Tutorials: Infinite Learning Guidance

Scenario:
You're in geometry class, and the teacher has just finished giving a lesson on proofs. She comes around the classroom and you begin working in groups with others. You're confused. You have questions and your group isn't helping you because they can't really articulate what the teacher just said in the right way. You need the teacher. It's okay to need the teacher- except there's only eight minutes left for this period. Teacher still won't come near you, now moving on to another group. 

Ugh. Bell rings.

What do you do? You go home and ask Dad. Dad hasn't done proofs in 30 years. Aha! You get an idea- The Internet!  The Internet can help you! You'll just find help online. So you go to youtube, and you start searching. And searching. And- oops- no that's college geometry, but close. Not helping. Now you just wasted two hours, and it's getting late. Your homework is not done. You're tired.
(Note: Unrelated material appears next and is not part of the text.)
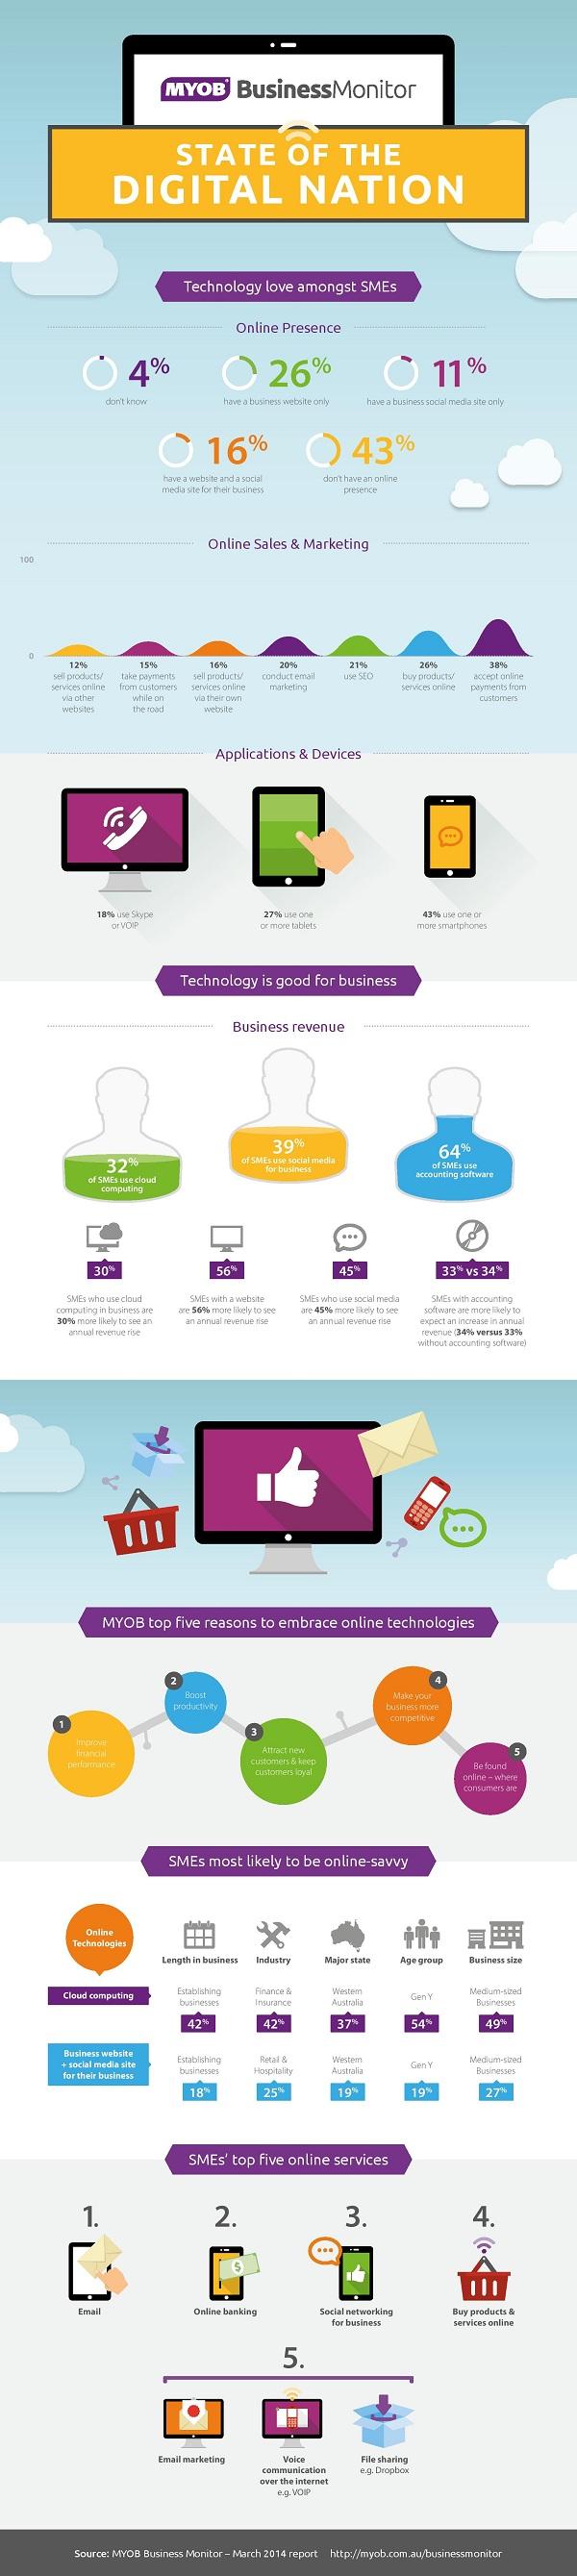 MYOB Infographic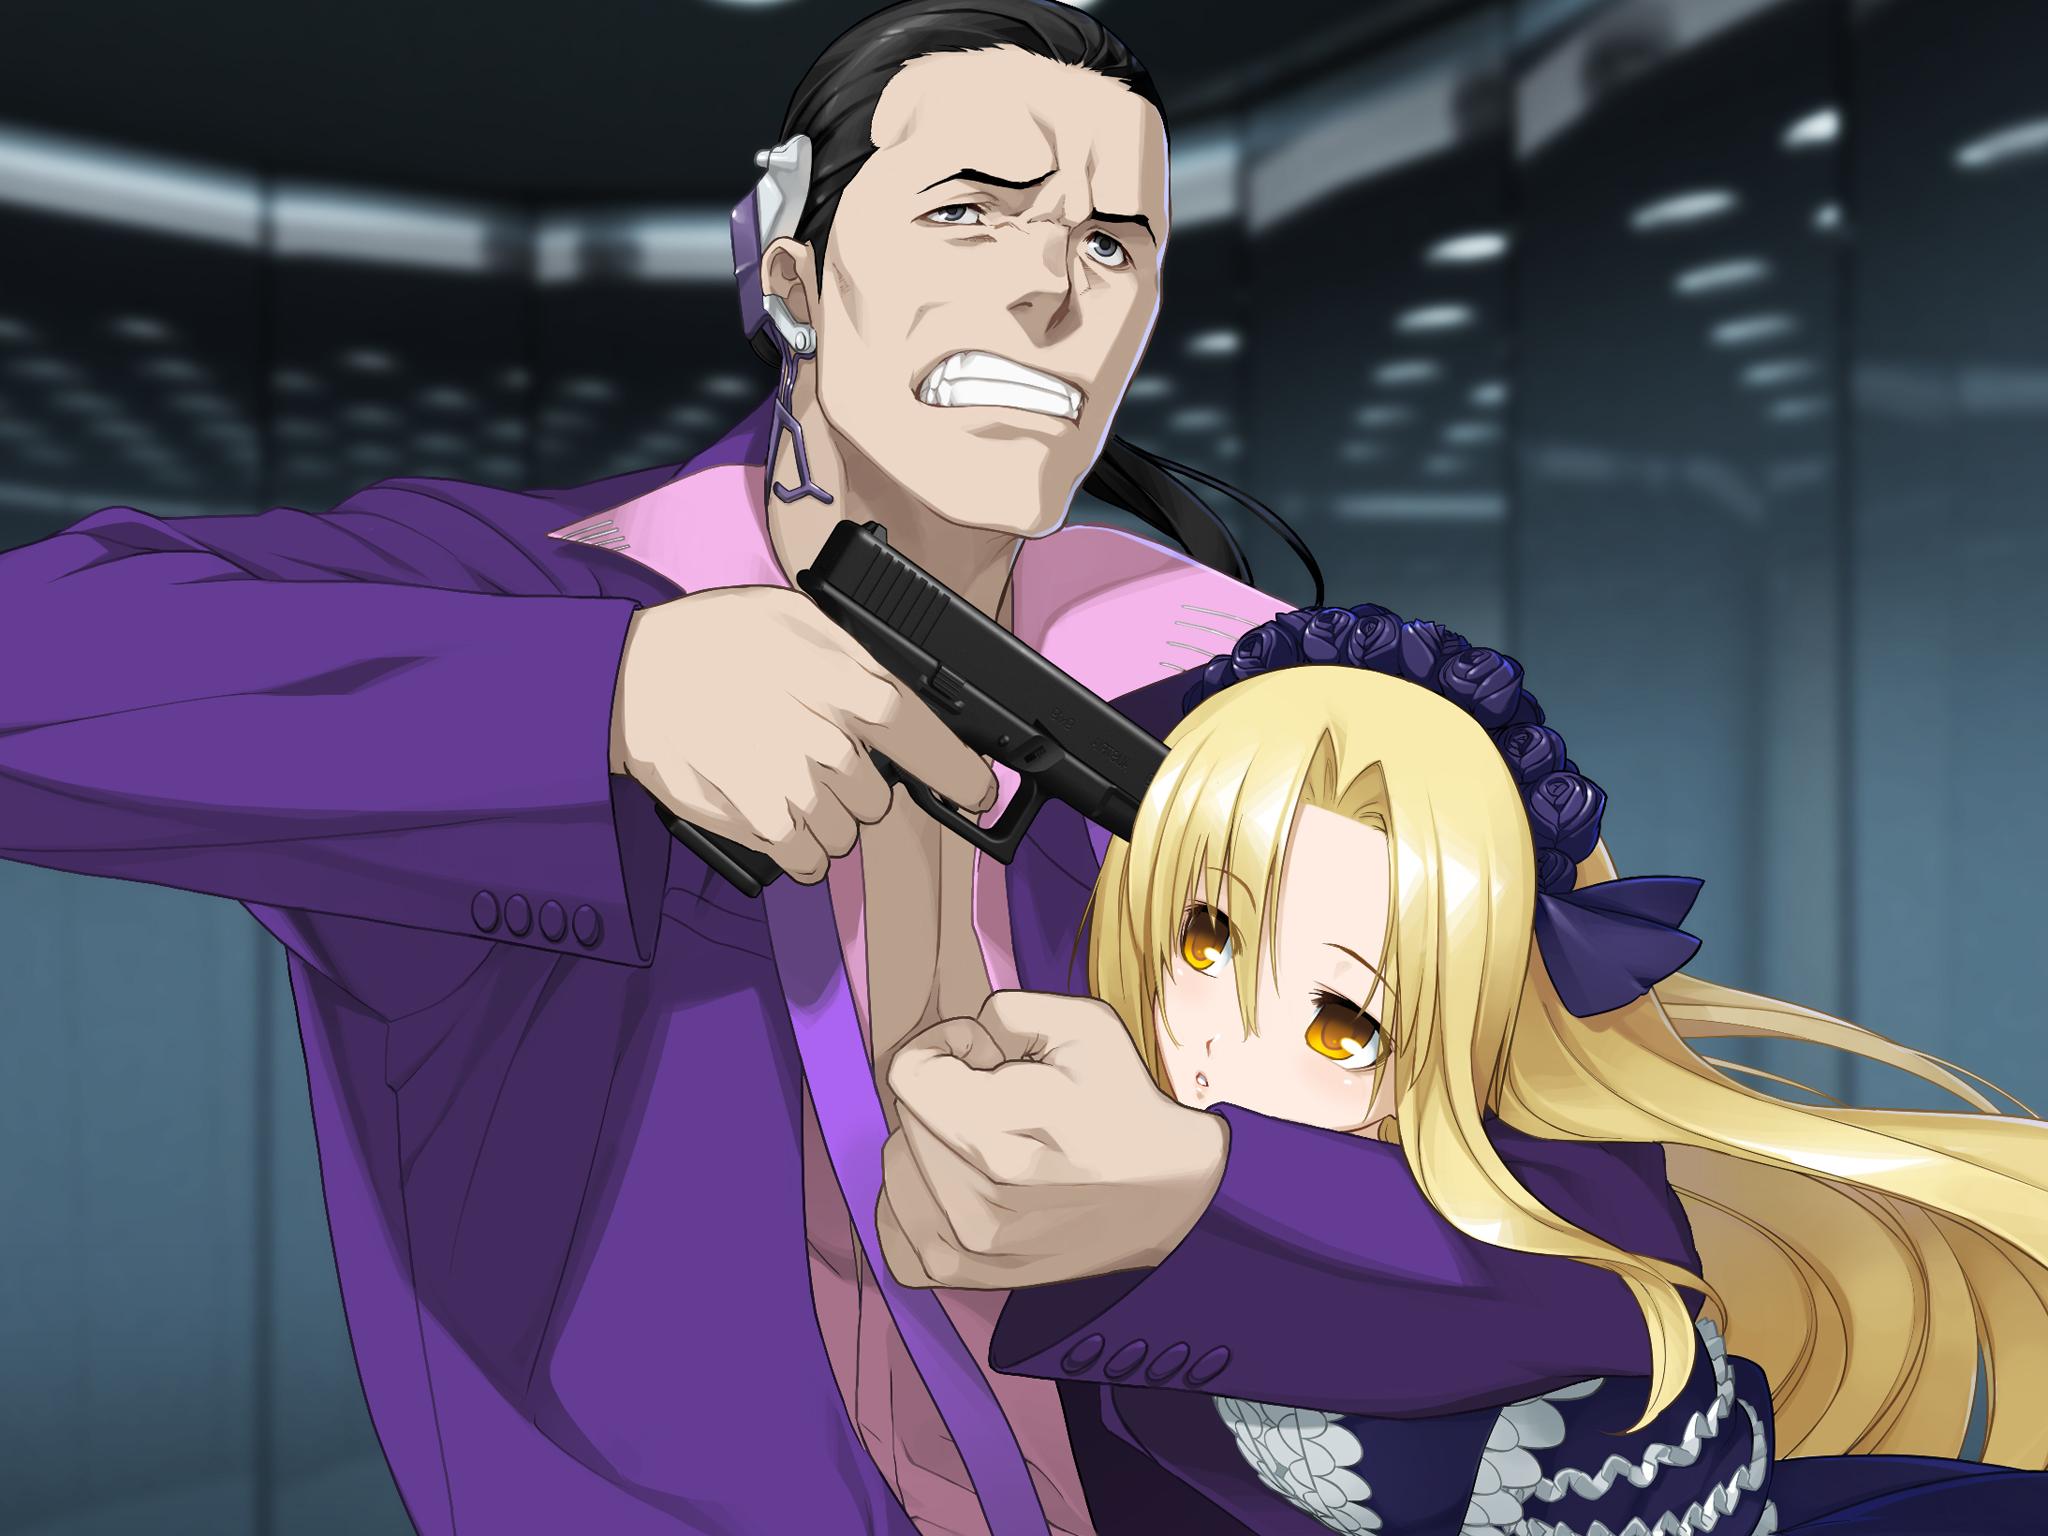 kikokugai the cyber slayer english download

Are you frustrated yet? Well you should be. You've gone through all of that and- worst of all- you haven't learned anything!  This is the 21st Century, and this should never happen to any student. It's an abomination. A teacher teaching an observable skill has a duty, a responsibility to make those skills available via the Internet at any time and any place in the world. At this point in the 21st Century, this should be common sense.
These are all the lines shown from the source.